Теперь о главном. Как правило, во всех повстанческих отрядах, особенно это касалось западных регионов современной Беларуси, находились католические священники, которые принимали присягу у бойцов. Каждый вступавший в отряд приносил присягу следующего содержания: «Присягаем во имя Пресвятой Троицы и клянемся на ранах Христа, что нашей родине Польше будем служить верно и исполнять, во имя того же отечества Польши все приказания, предписанные нам начальниками, распоряжений же грабительского Московского правительства слушать не будем, и насколько возможности и сил хватит, мы обязуемся помогать польскому войску и повстанцам, так нам да поможет Бог в Пресвятой Троице единый, Матерь Божия и все святые, Аминь». В разных отрядах слова иногда менялись, но общий смысл оставался одним.
Ни один источник, в том числе архивные материалы, официальные документы повстанческого руководства и протоколы допросов руководителей восстания (включая самого Константина-Викентия Калиновского) не говорят о полной независимости Беларуси как одной из целей восстания. Более того, все участники восстания видели независимую Польшу, но в тесном союзе с Литвой – современной Беларусью, что-то вроде федерации по образу Речи Посполитой в границах до 1772 года.

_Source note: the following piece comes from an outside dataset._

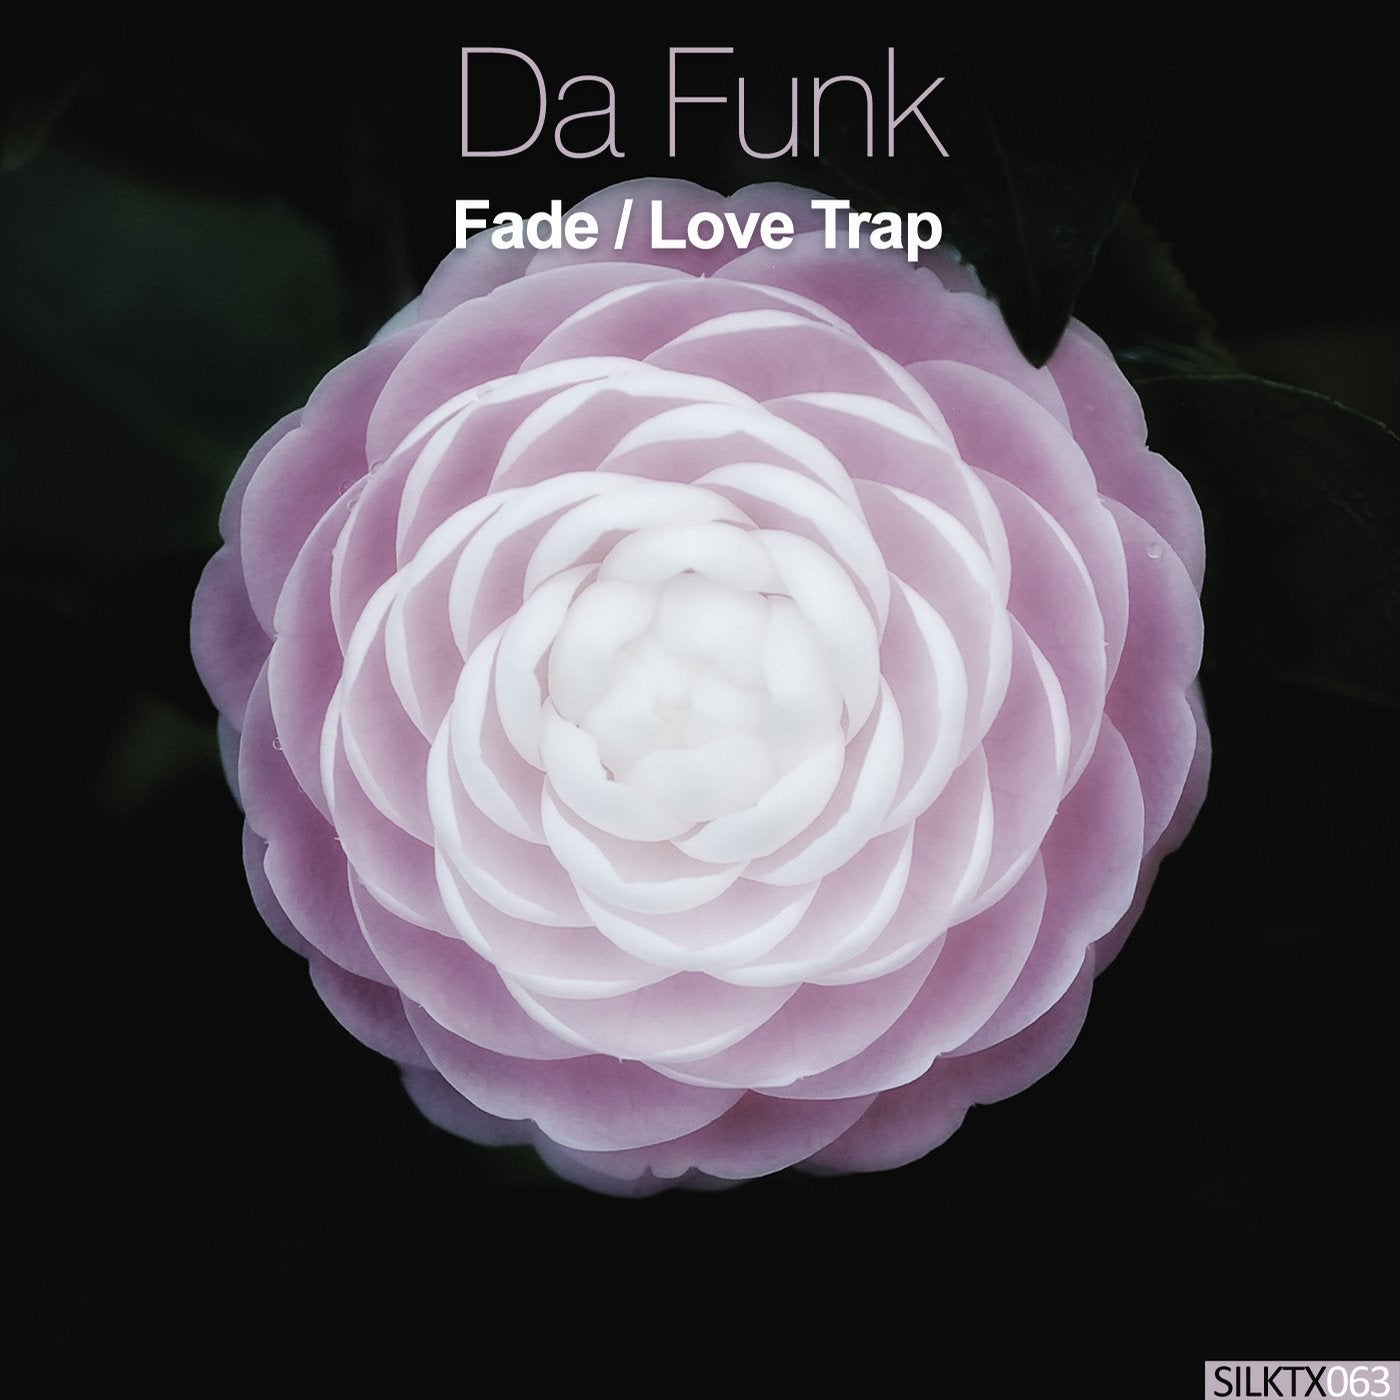 Fade / Love Trap

Следовательно, все измышления современных авторов о Калиновском, как борце за независимую Беларусь, не имеют под собой никаких оснований.
Да и следует ли возводить в ранг «национального героя» Беларуси такую противоречивую фигуру как обычный дворянин Константин Калиновский, в своём фанатизме призывавшего не щадить ни младенцев, ни женщин. Кто знает, как повёл бы себя тот же Калиновский в случае победы восстания. Не вышло бы из него палача а-ля Троцкий в более раннем исполнении, способного залить кровью весь мир ради торжества своих идей? Не случайно, современный исследователь Виктор Хурсик, которого невозможно обвинить в симпатиях к Муравьеву, отмечает, что выбранный Калиновским «шлях крывавага змагання з сваім народам (паўстанцы сваіх суайчыннікаў вешалі, білі і палілі шмат) ў імя нейкай вышэйшай мэты быў з самага пачатку тупіковым і згубіў …жыцці тысяч …суайчыннікаў як на палях баеў, так і ў царскіх засценках, жыцці ні ў чым не павінных рускіх, палякаў, яўрэяў, людзей іншых нацыянальнасцяў».